Say You’ll Be Nine by Lucy Lennox

As the novel proceeds, she layers together fragments of books and paintings and song lyrics in an act of literary decoupage, as if to mimic the fragile patchwork of national identity. Throughout, Smith’s seasonal melancholy wrestles with her natural writerly exuberance-“Is there never any escaping the junkshop of the self?” a character wonders.

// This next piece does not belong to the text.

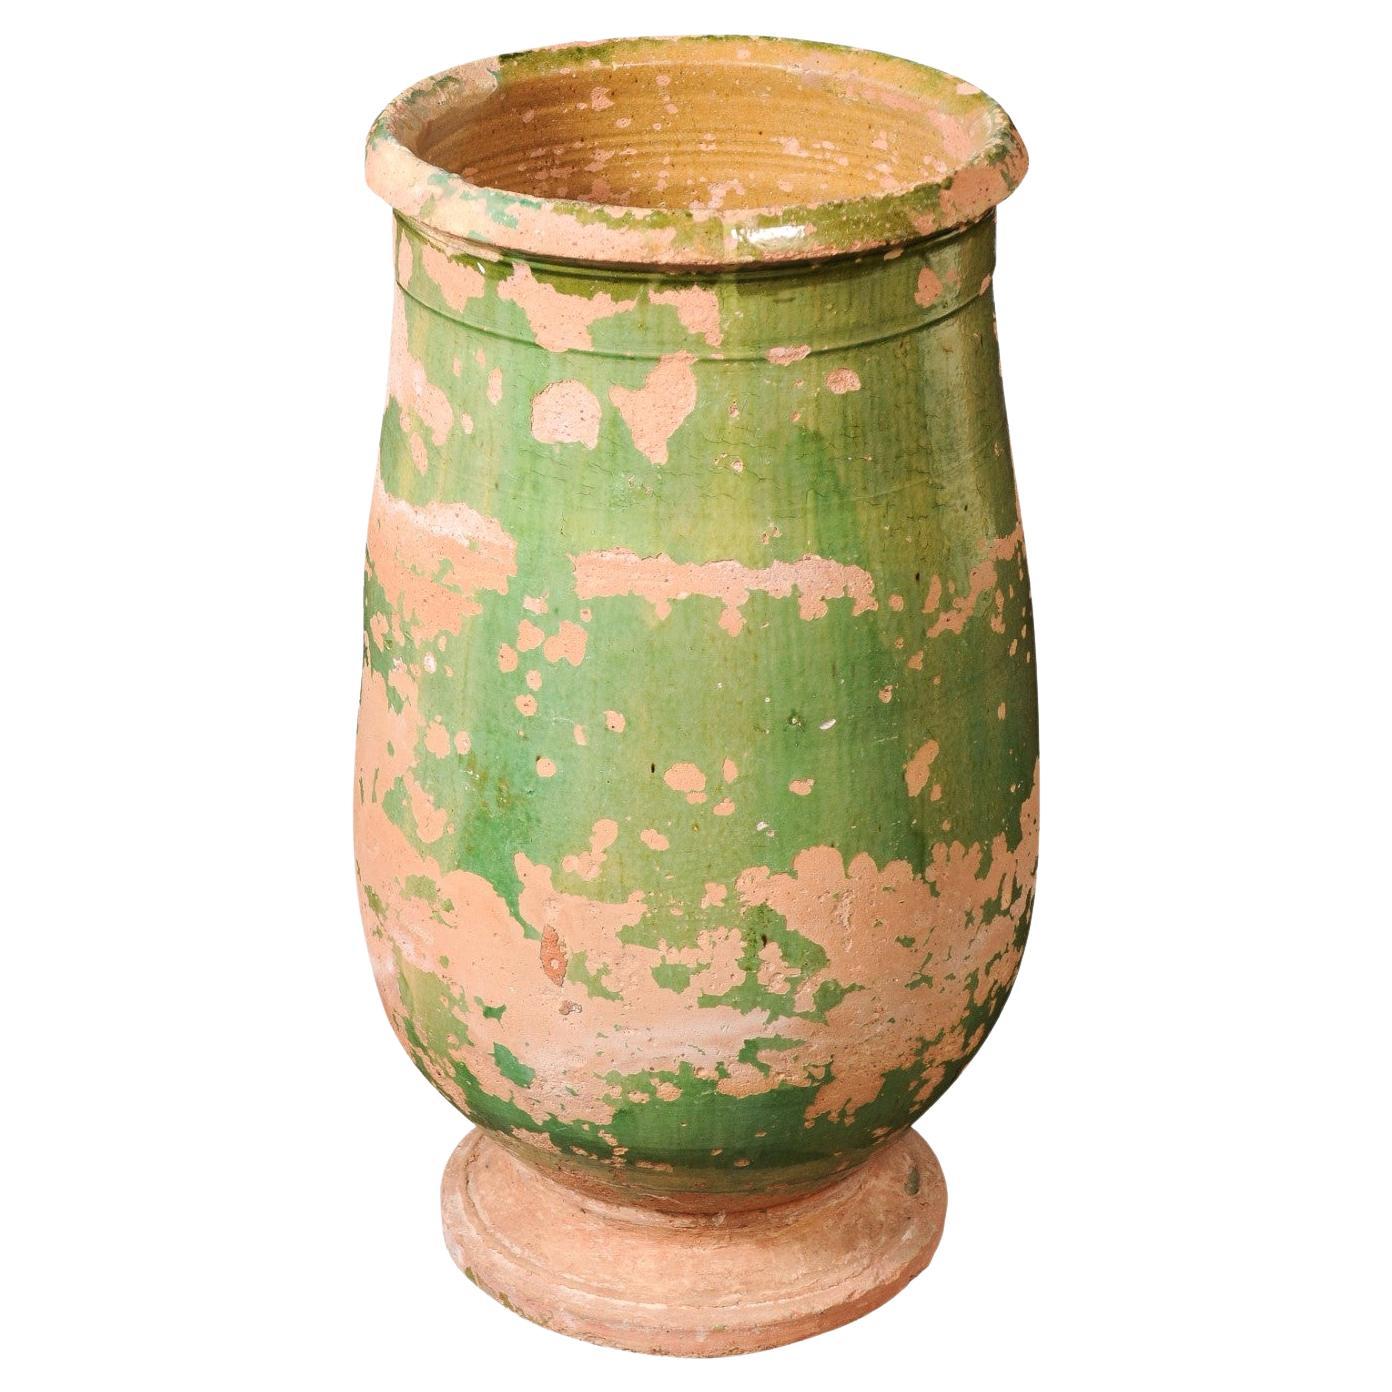 French Provincial 1880s Green Glazed Oblong Terracotta Jar with Weathered Patina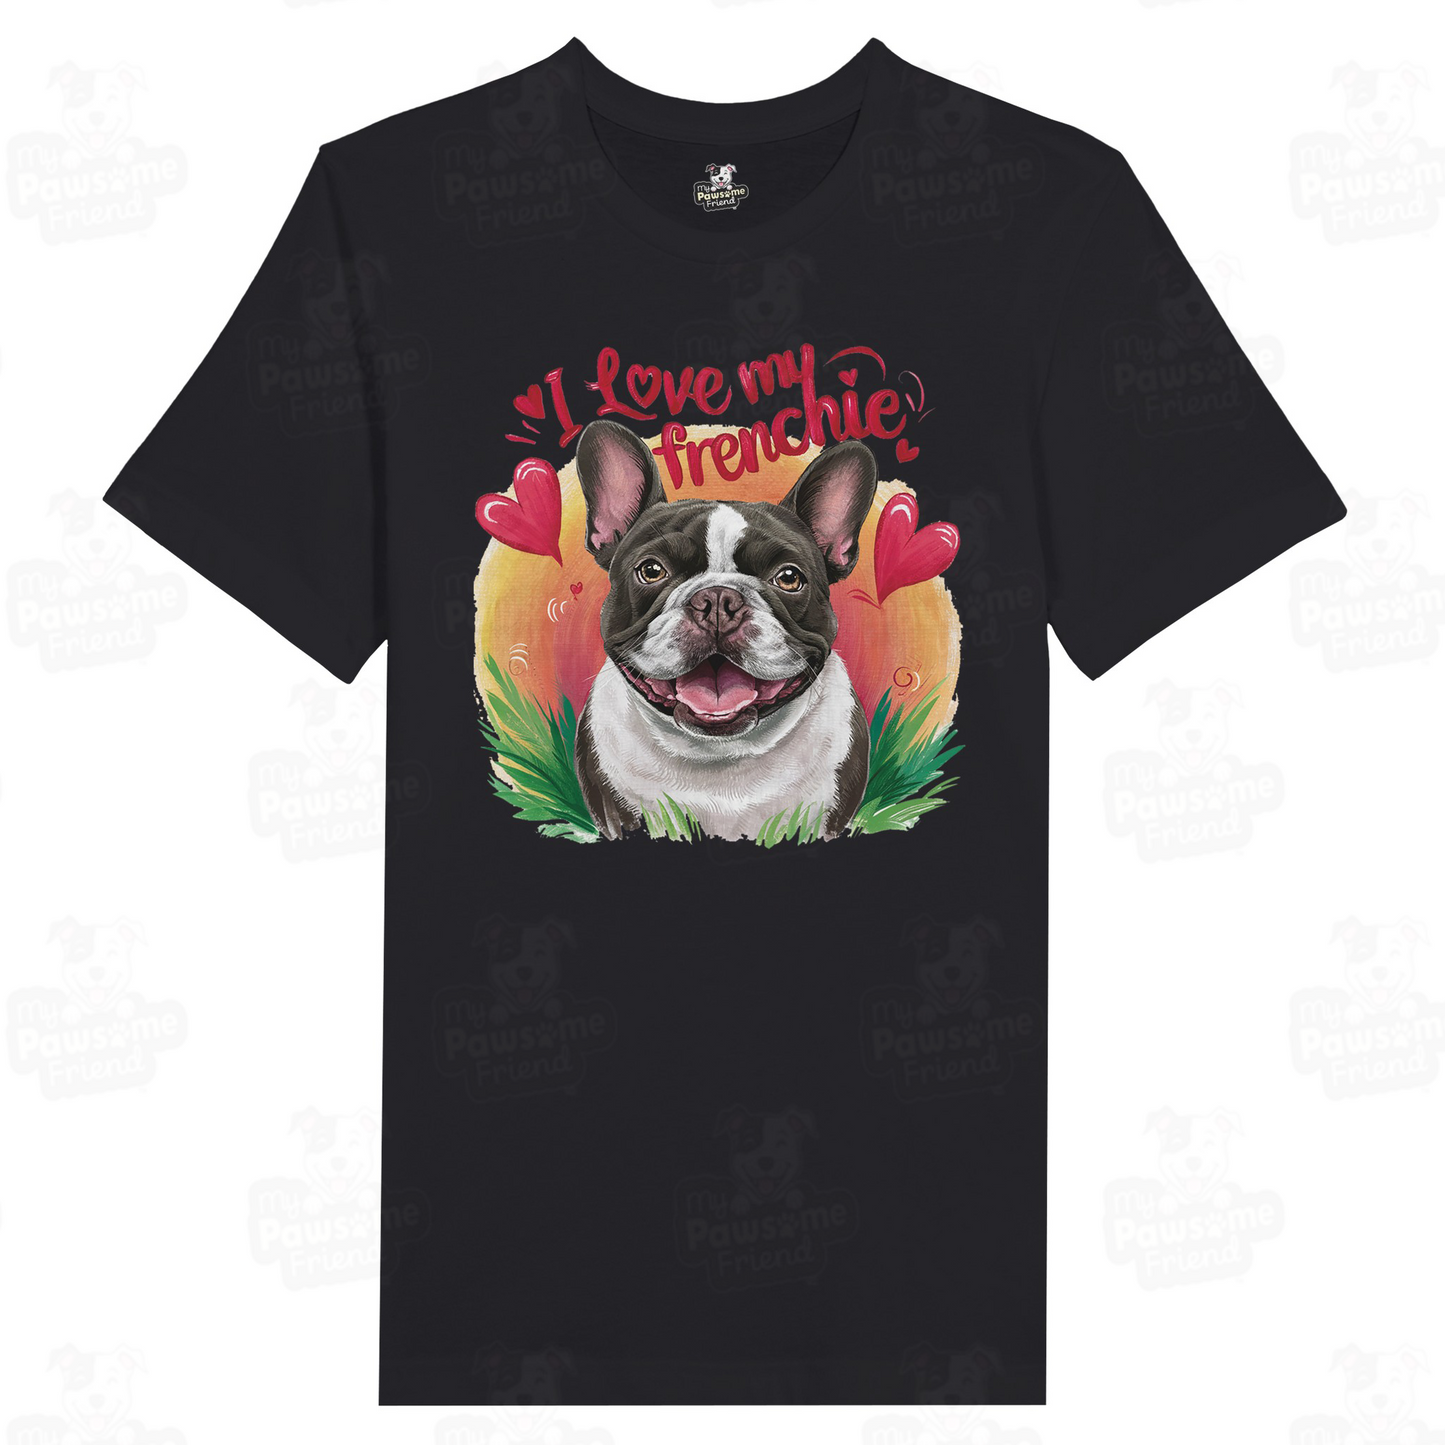 An unisex t shirt with a cute design featuring a french bulldog smiling surrounded by heart designs, and the phrase "I love my Frenchie". The color of the unisex t shirt is black

Scenes range from absurdly realist (Elisabeth renewing her passport in the post office) to surreal (a man in a coma-like state imagines himself trapped inside the body of a tree).

Say You’ll Be Nine by Lucy Lennox

Through Smith’s dazzling, whimsical feats of imagination, a news cycle described by Elisabeth as “Thomas Hardy on speed” becomes the backdrop for a modernist interrogation of history.Īutumn, like Smith’s last book, How to Be Both, is a gorgeously constructed puzzle that challenges the reader to solve it, with a narrative that darts back and forth in time and space. But its ambition and craft allude to-and cite-great works of literature, from Brave New World to The Tempest. The novel, the first book in a quartet inspired by the seasons, considers post-Brexit Britain at the tail end of last summer, experienced through the perspective of a 32-year-old art history lecturer named Elisabeth. What kind of art will come out of this moment? If Ali Smith’s Autumn is a harbinger of things to come, the work that emerges over the next decade will be extraordinarily rich.